Jon Tavernier

Types of Data

How I think about types of data.

Batch Data

  1. Single Entities

  2. Sets of Data

Streaming Data

Streaming Data is a never ending flow of data. Some examples include Twitter tweets, hospital bed telemetry data, subway ticket scans, etc. I like to further categorize data seen as these:

  1. Application Logs

  2. Intra-application Messages

  3. Inter-application Messages

  4. Business Events

Application Logs

  • In this scenario, your application is writing logs so engineers can see what's going on and troubleshoot technical issues.

  • This data is meant for you and only you. It's not meant for business folks to use so avoid providing it for analytical purposes.

  • Ensure you log discrete data, avoid logging sensitive data, and use appropriate logging levels.

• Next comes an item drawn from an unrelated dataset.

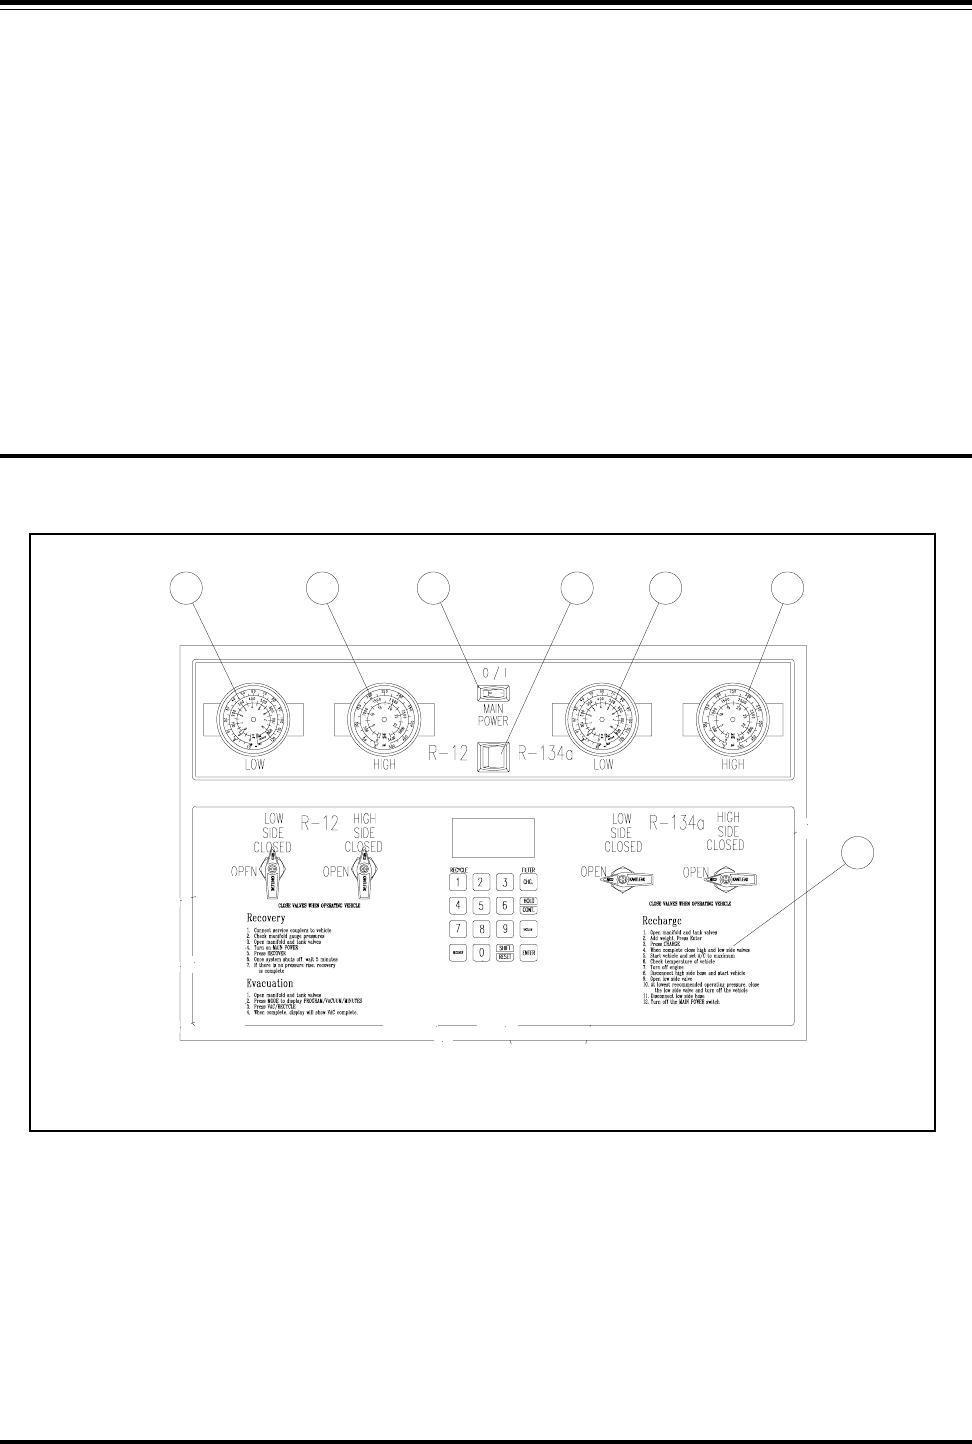 MAC Tools 34800/34801/AC900 Service Manual Download

  • Educate others on how to find your application's logs and what IDs can tie logs across applications.

Intra-application Messages

  • In this scenario, your application has separate components that communicate with one another.

  • This data is meant for you and only you. It's not meant for business folks to use so avoid providing it for analytical purposes.

Inter-application Messages

  • In this scenario, your application submits data to another application you do not control.

  • This data is meant for the receiving system only. It's not meant for business folks to use so avoid providing it for analytical purposes.

Business Events

  • In this scenario, applications fire true fire-and-forget business events meant for others to consume, including subscribers responsible for populating the analytical data store.

  • Example events might include Order Placed, New Customer Registration, Promo Code Used, and so on. The data format is crafted specifically for others to consume.

  • Avoid making breaking changes to your events and if a breaking change is needed, version your event. Plus, give folks time to move to the newer version (i.e. publish both versions for some time).